Simple Linear Regression:

An analysis of the quality of the regression is carried out

methodology

Table of Contents

Simple Linear Regression Assumptions:

  1. Outlier: The term anomaly indicates that there is data that deviates significantly from the rest.
  2. Normality: refers to the normal distribution of errors or residuals.
  3. Homoscedasticity: is another simple linear regression assumption and indicates whether the variance of the residuals is the same across different groups in the database.
  4. Independence: refers to the absence of temporal correlation between residuals.
  5. Linearity: is associated with the presence of a constant change of the variable to be predicted with respect to the predictor.

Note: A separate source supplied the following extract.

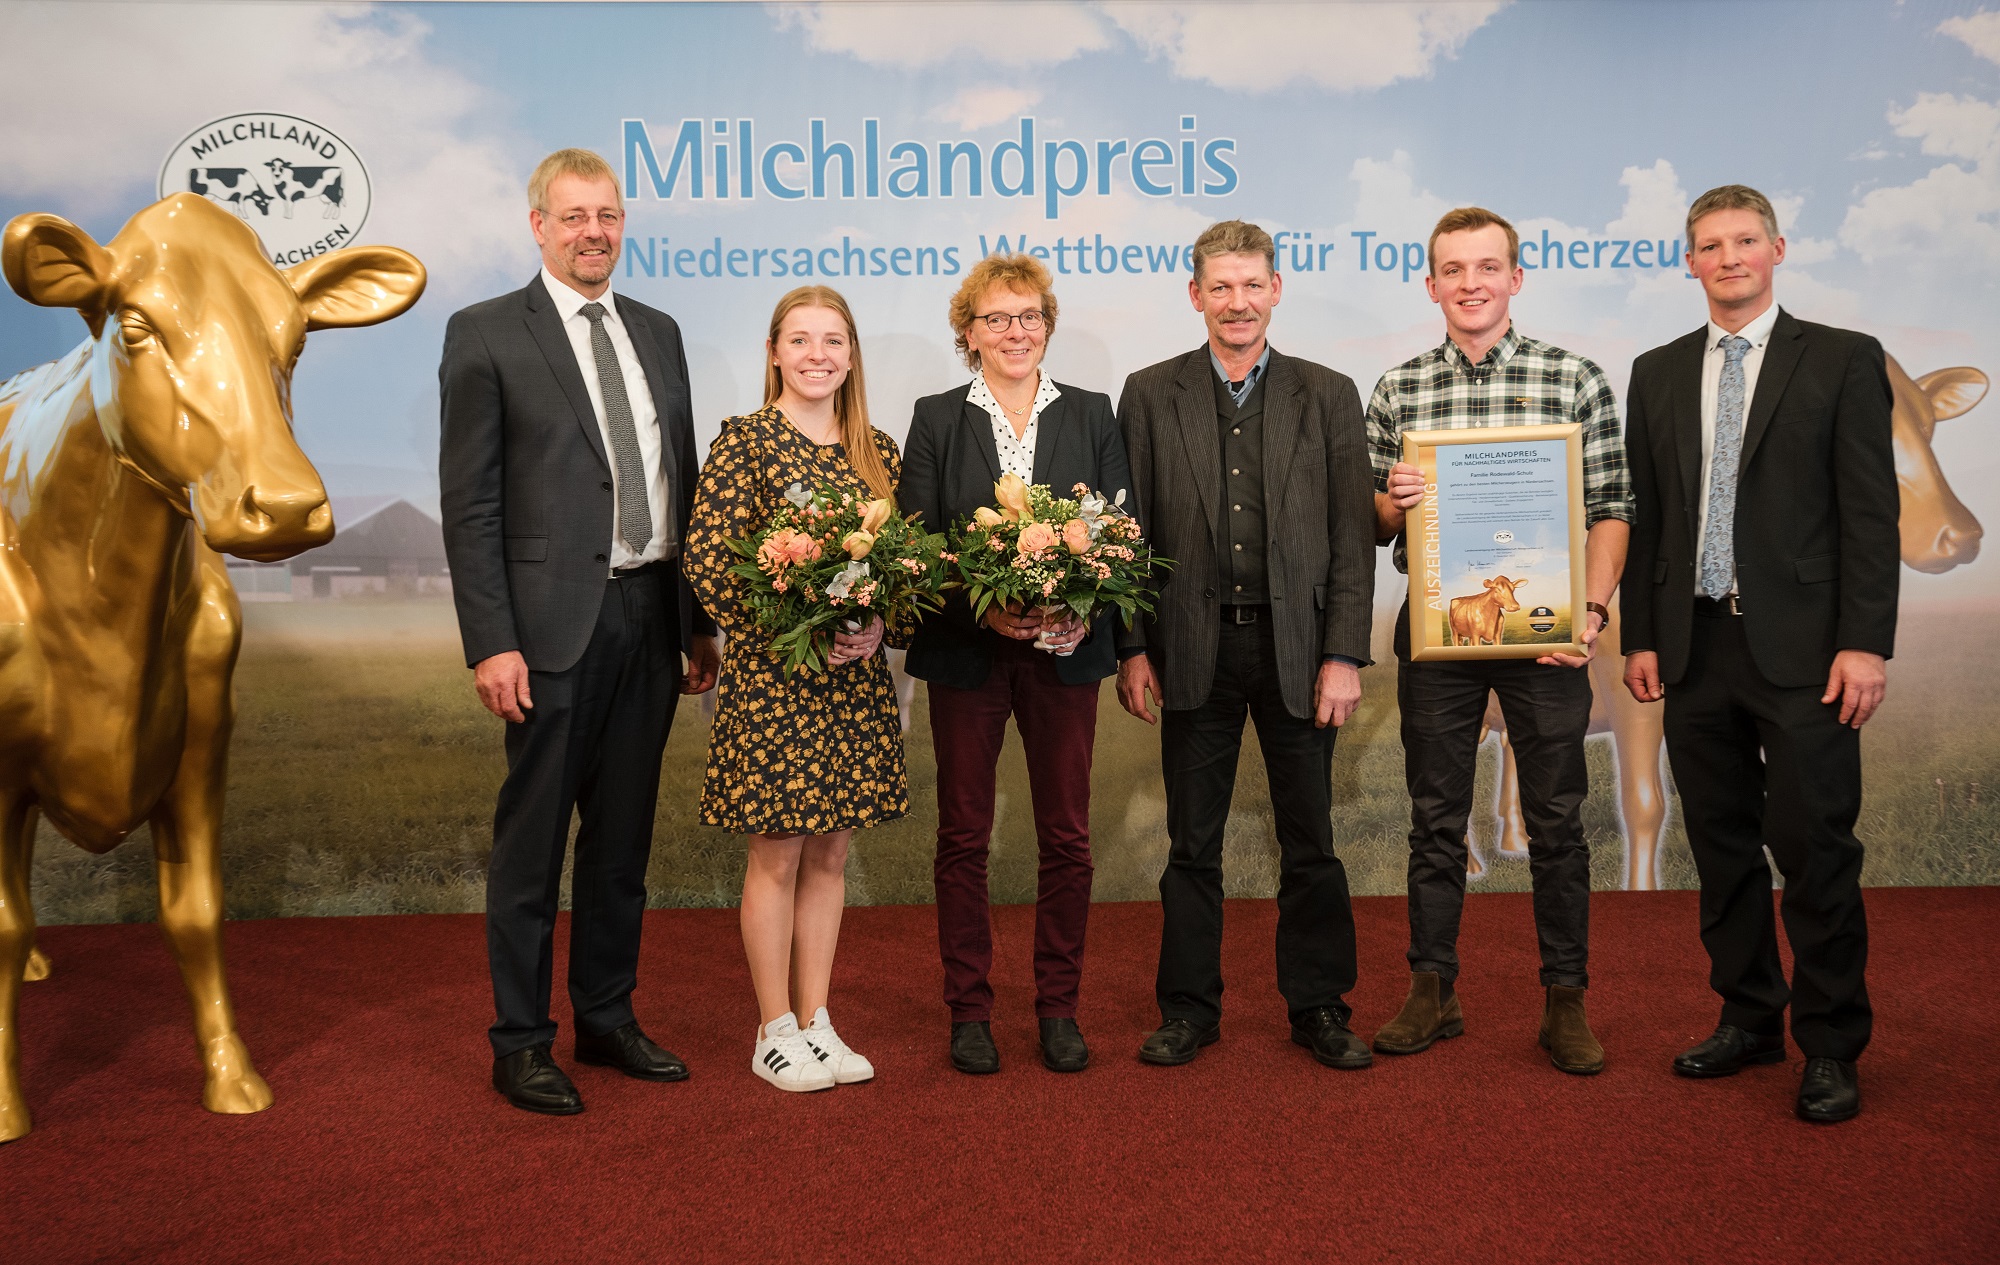 Milchlandpreis 2023: Top 11 Rodewald-Schulz

Simple linear regression Quality

Database structure

The first columns of the database correspond to the repetitions performed for variable x. Once all repetitions for variable x are completed, the repetitions for variable y are recorded. The following image shows an example of how to organize the data before using the "regression_quality" program. The database includes three repetitions for variable "x" and four for variable "y."

database

Installation

Instructions on how to install the project. For example:

pip install sl-regression-quality

Code Example

For instance, the following code can be executed in Google Colab. Simply copy and paste it into a new Colab notebook.

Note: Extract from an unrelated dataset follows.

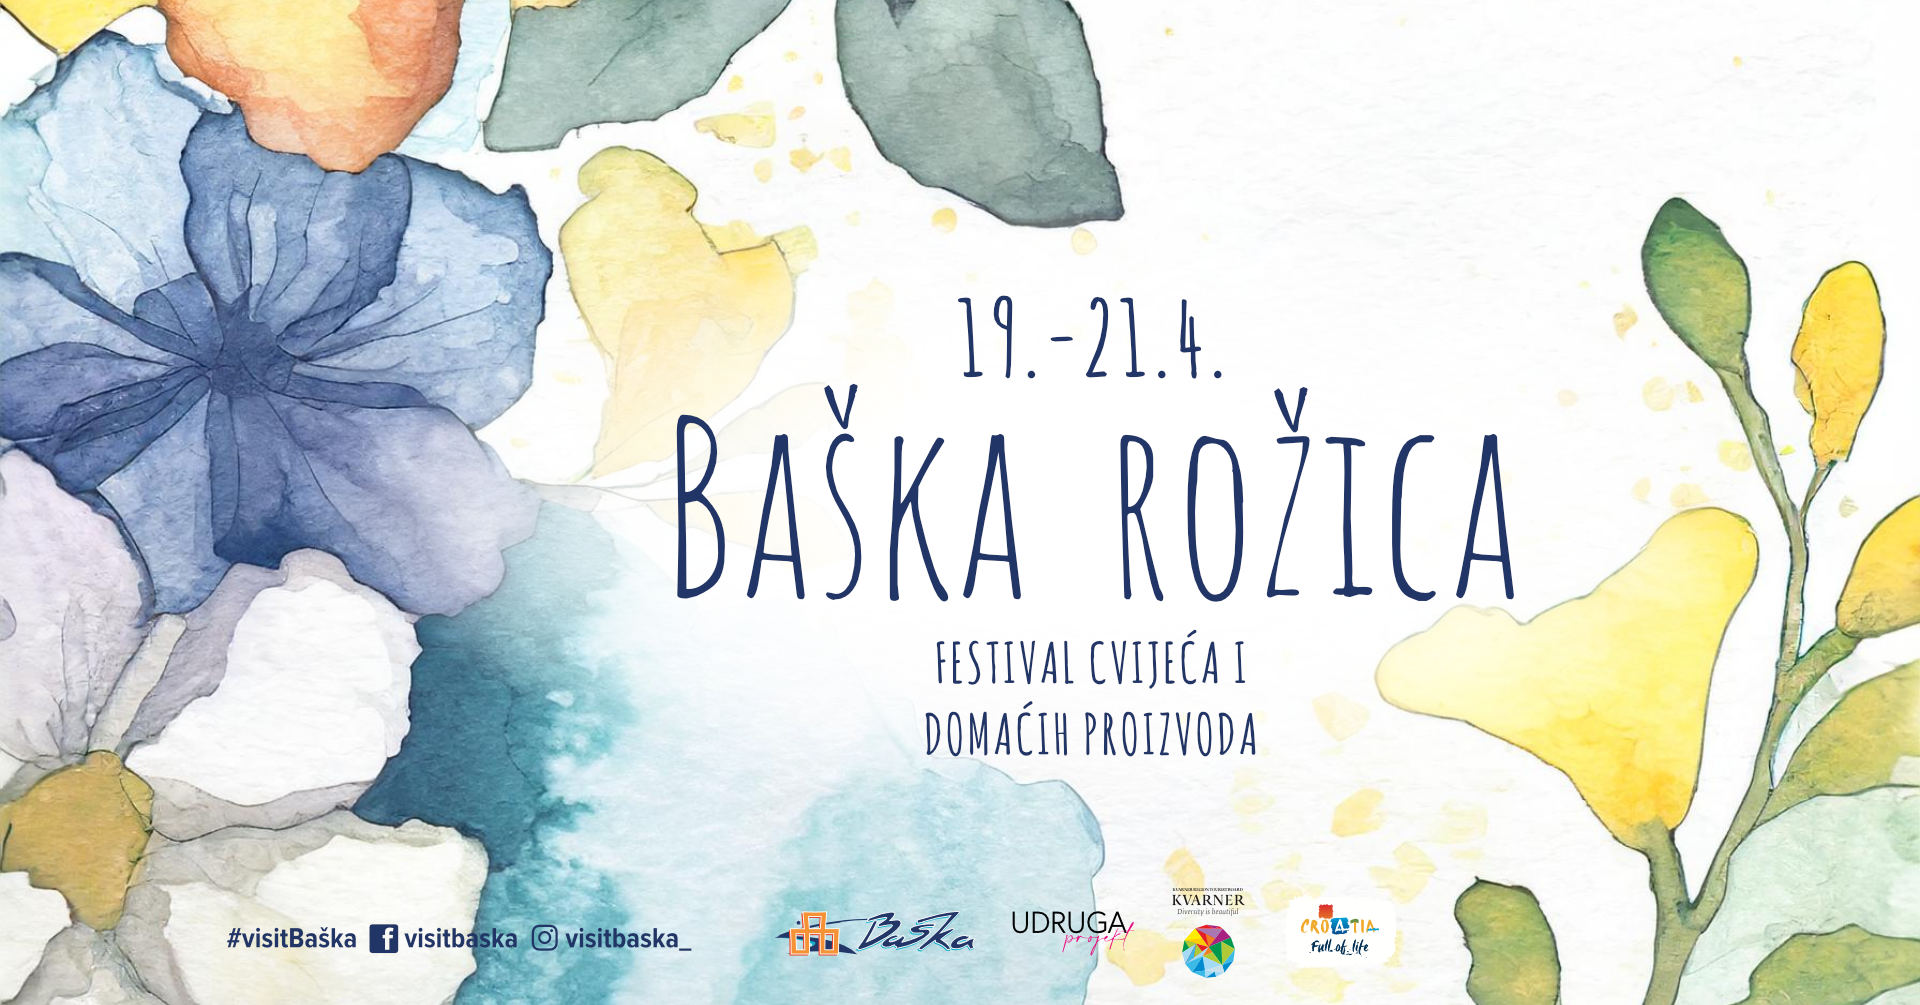 Festival cvijeća: Baška rožica 19.4. - 21.4.2024.

#--------------------------------------------------------------------------------
# 1) Load libraries:
import pandas as pd
from sl_regression_quality.main_routine import regression_quality
from sl_regression_quality.load_data import load_csv

#--------------------------------------------------------------------------------
# 2) Load data
#dataset = load_csv('data_x_y_example.csv') # example data (uncomment line)
#dataset = pd.read_csv('Data_y_full.csv') # example for your data (uncomment line)


number_repetitions_x = 3 # number of repetitions in x
alpha = 0.05 # significance level
dL = 1.055 # dL
dU = 1.211 # dU

#--------------------------------------------------------------------------------
# 3) Run analysis
regression_quality(dataset,number_repetitions_x,alpha,dL,dU)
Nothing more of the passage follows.